At five minutes to five, the jury sent out a third note: "If we do not unanimously find the defendant guilty for any individual account, how do we proceed, assuming there will be no reconciliation?"

Judge Lawrence began to exhibit frustration. "I don't know what's going on with these people," he told the attorneys.

In a courthouse waiting room, Cole informed Amini and his family for the first time that, if convicted, Amini was facing a mandatory minimum sentence of ten years in prison and would be taken into custody immediately. "We were shocked," says Mariam. "We had no idea. Mr. Cole said, 'I'm only telling you this now because I'm a little scared, because they're taking so long to decide, and that's usually a bad sign.'"

Also, it was near quitting time, and criminal defense attorneys fear late-day verdicts.

"People just want to go home and not have to come back the next day," says Grant. "Especially when they've already said once or twice, 'Hey, we're hung, it's over,' and the judge sends them back a note, 'No, no, no, no. Can you please go back and do it some more?' That sends a message that you're not getting out that easy. So in a lot of cases, some people on the jury say, 'Okay. I give in. It's not worth it to me to keep fighting. I don't know this guy. I'll go along with the rest of you so we can all get out of here.' They cave. It's sad, but it happens all the time."


At 5:10 p.m., the jury sent a final note to Judge Lawrence: "We have reached a verdict on counts 1, 2, and 4."

The jurors had deliberated for a total of just under eight hours -- two hours longer than the entire trial.

Lawrence read the verdicts through his speech synthesizer: Amini had been found guilty of two counts of sexual assault on a child and one count of pattern sexual assault. His bail was immediately revoked. He was handcuffed and led away. The bailiff gave Mariam her father's wallets and keys.

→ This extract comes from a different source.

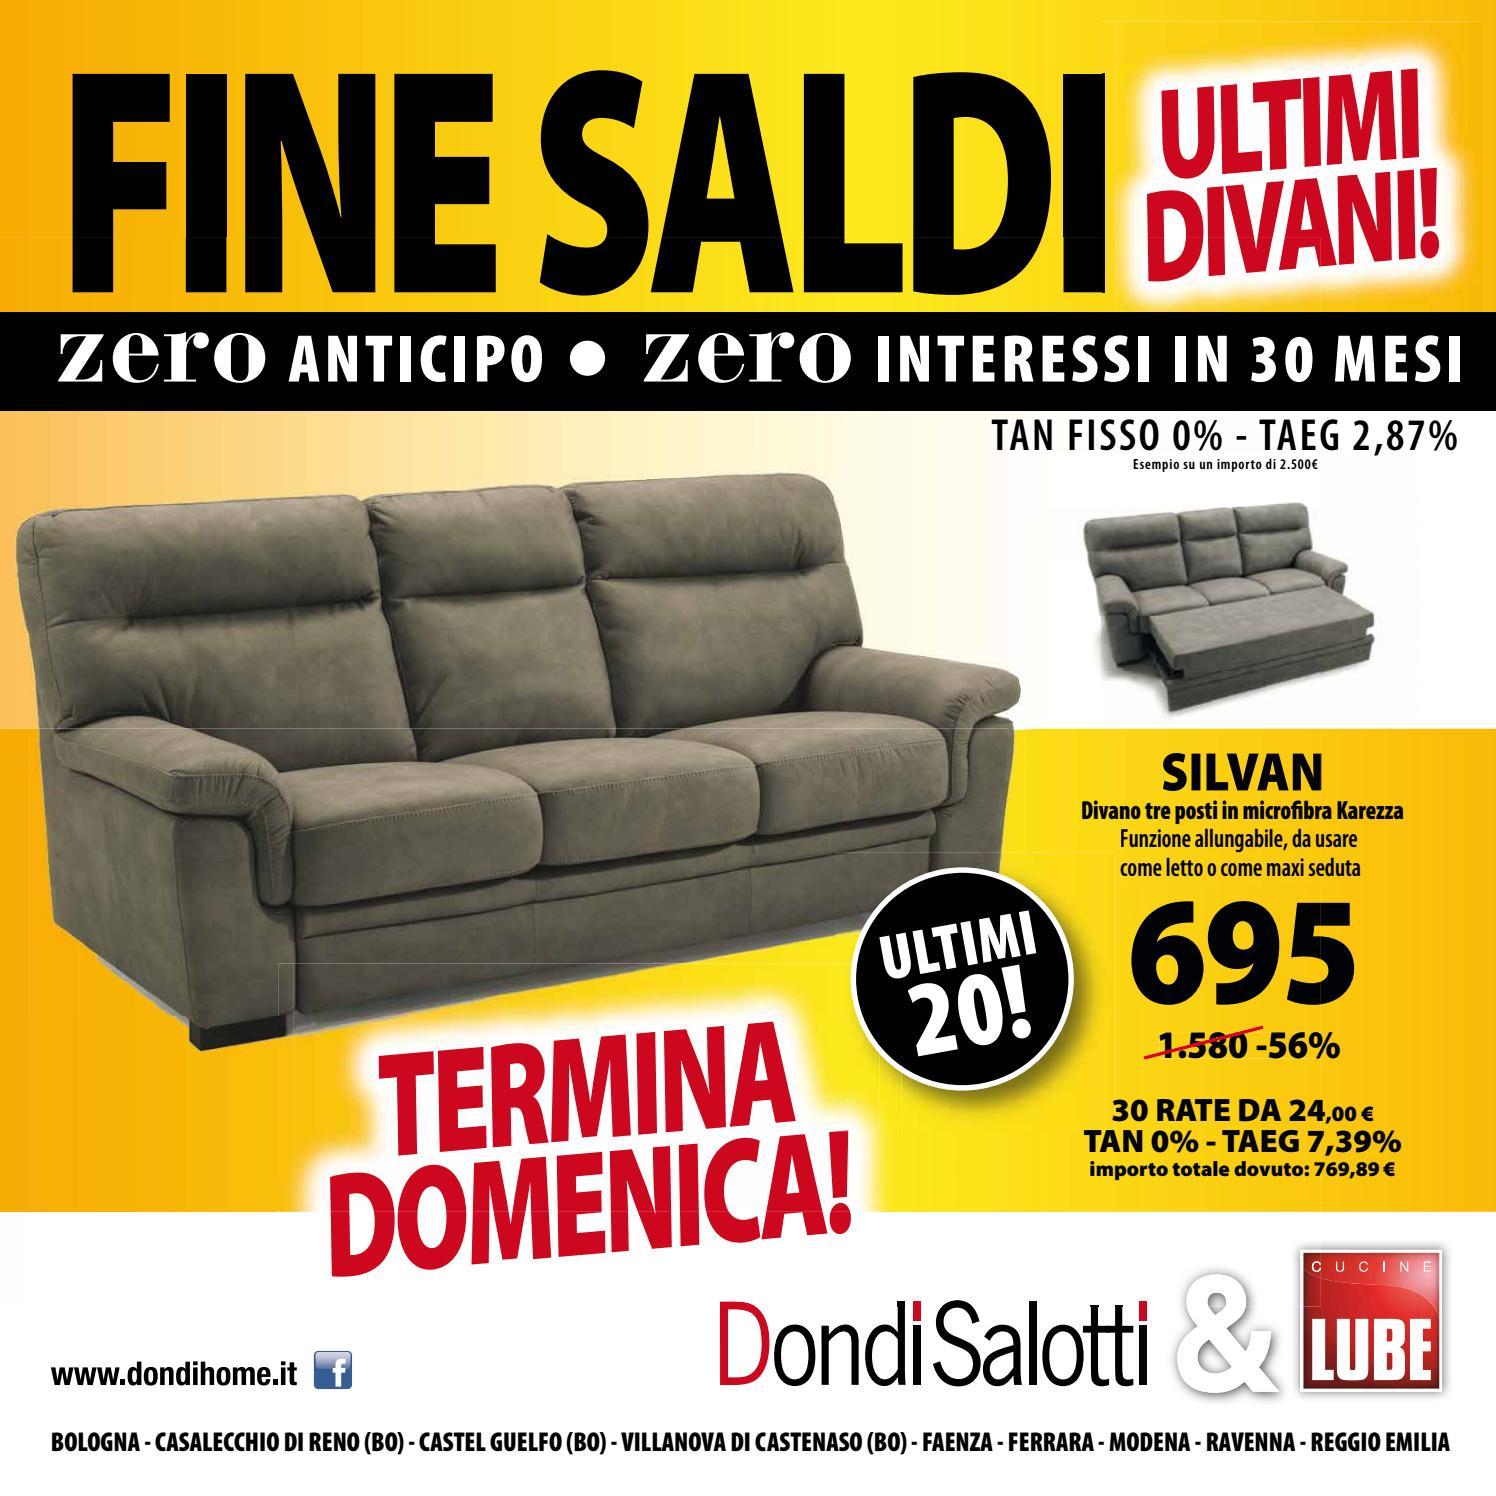 Dondi Salotti fine saldi by Michele Travagli - issuu
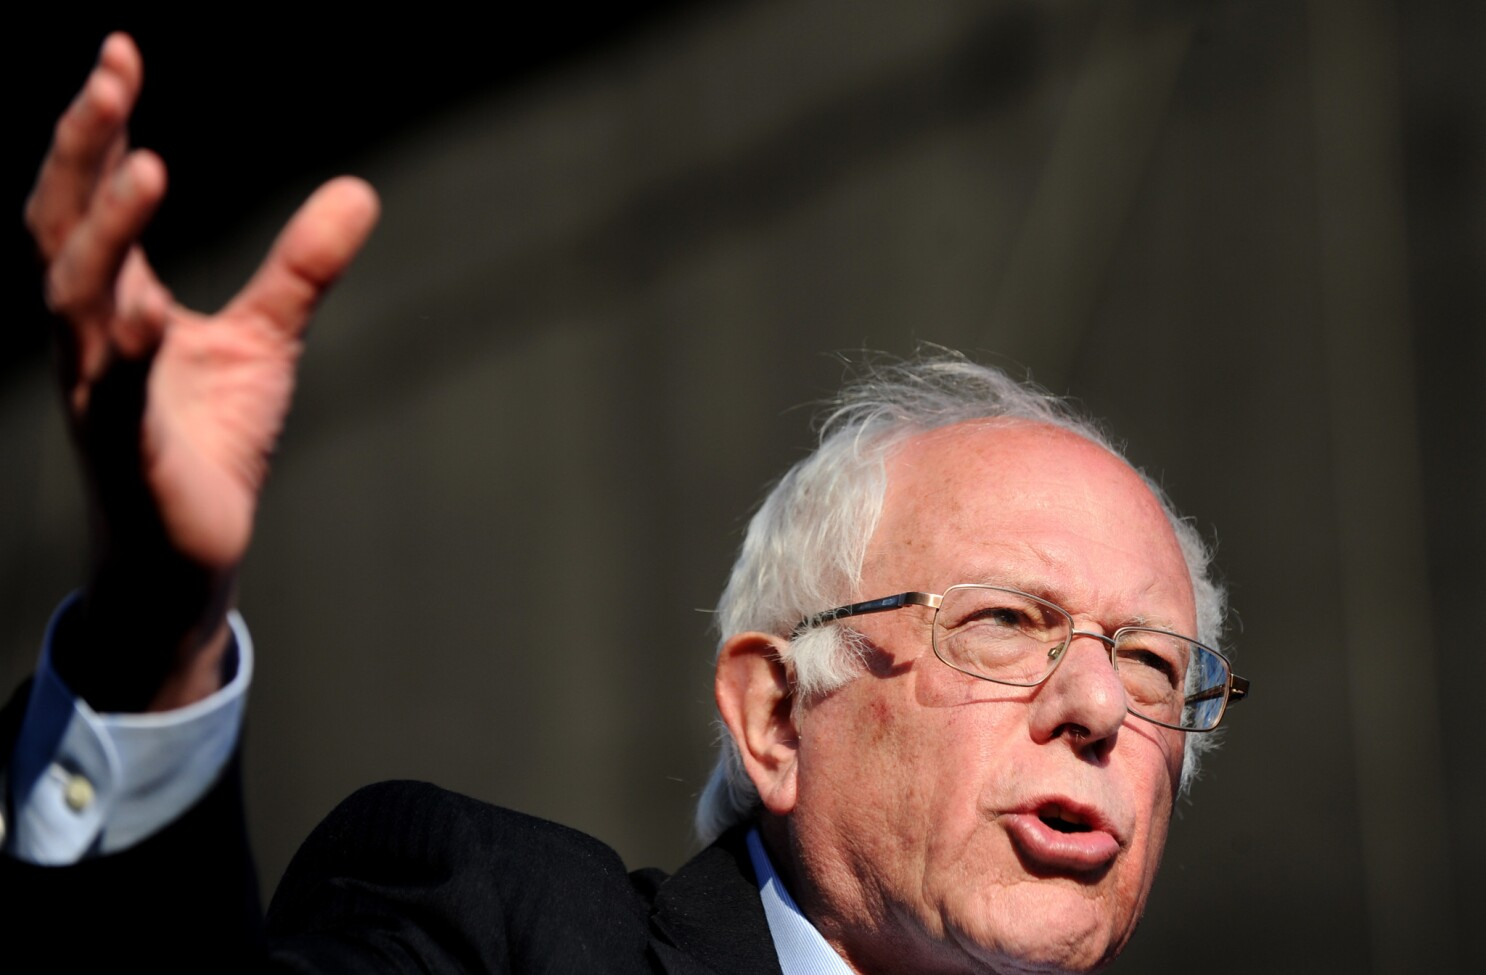 Bernie Sanders calls for $16 trillion in spending against climate change

"That's the only dad I have!" Laila screamed at the jury. "How could you do this?"

Inside the Amini house that night, the phone rang and rang. It was the first night of Eid Al Fitr, the annual Muslim celebration marking the end of Ramadan, a holy month of fasting from dawn until dusk. Amini's friends were calling to wish him "Eid Mubarak," a happy breaking of the fast.

"Dad hadn't told any of them this was going on," Mariam says. "We had to explain to them why he wasn't there. You can only say he's at work for so long."